Add a loopback reference to the cluster. The following example uses the REST API to add an XDCR reference named self to the cluster that uses the loopback IP address as the hostname:

 curl -X POST http://127.0.0.1:8091/pools/default/remoteClusters -u Administrator:password \
-d username=Administrator \
-d password=password \
-d hostname=127.0.0.1 \
-d name=self \
-d demandEncryption=0 | jq

The out of previous command is:

{
  "connectivityErrors": null,
  "deleted": false,
  "hostname": "127.0.0.1:8091",
  "name": "self",
  "network_type": "",
  "secureType": "none",
  "uri": "/pools/default/remoteClusters/self",
  "username": "Administrator",
  "uuid": "a43e930240738b5aee16e2688a65d08f",
  "validateURI": "/pools/default/remoteClusters/self?just_validate=1"
}

Create an XDCR replication from the original bucket to the new bucket.
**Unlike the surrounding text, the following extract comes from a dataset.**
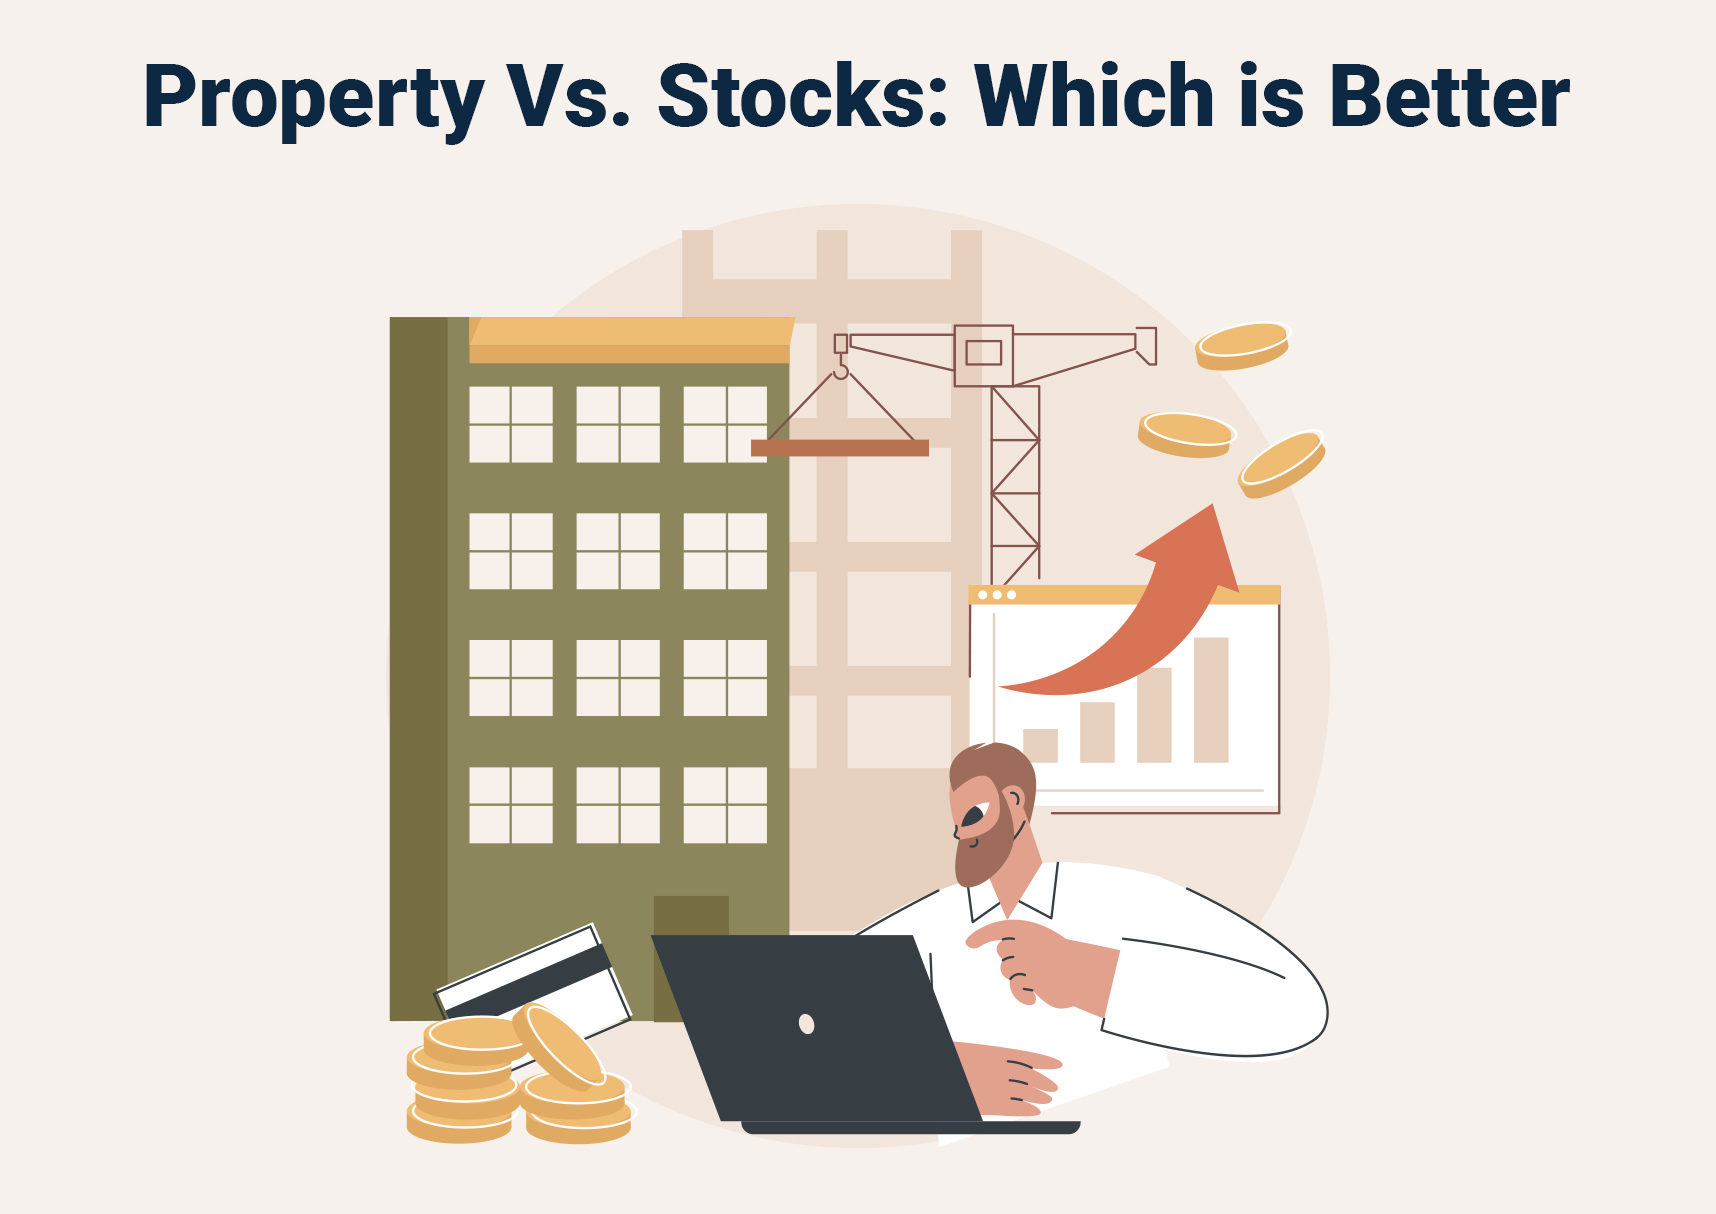 Property Vs. Stocks: Which is Better

The following example uses the REST API to create the replication:

curl -v -X POST -u Administrator:password \
http://127.0.0.1:8091/controller/createReplication \
-d fromBucket=travel-sample \
-d toCluster=self \
-d toBucket=travel-sample-1024 \
-d replicationType=continuous \
-d createTarget=true \
-d enableCompression=1 | jq

The result of the previous command looks like this:

{
  "id": "a43e930240738b5aee16e2688a65d08f/travel-sample/travel-sample-1024"
}

The replication process starts.

Monitor the replication process until it completes. You can monitor the replication process via the Couchbase Server Web Console or by calling the REST API. Once the replication has duplicated all of the documents in the original bucket without errors, you can stop and delete it. Then you can drop the original bucket.

Be sure to update all clients to use the new bucket before you stop the replication.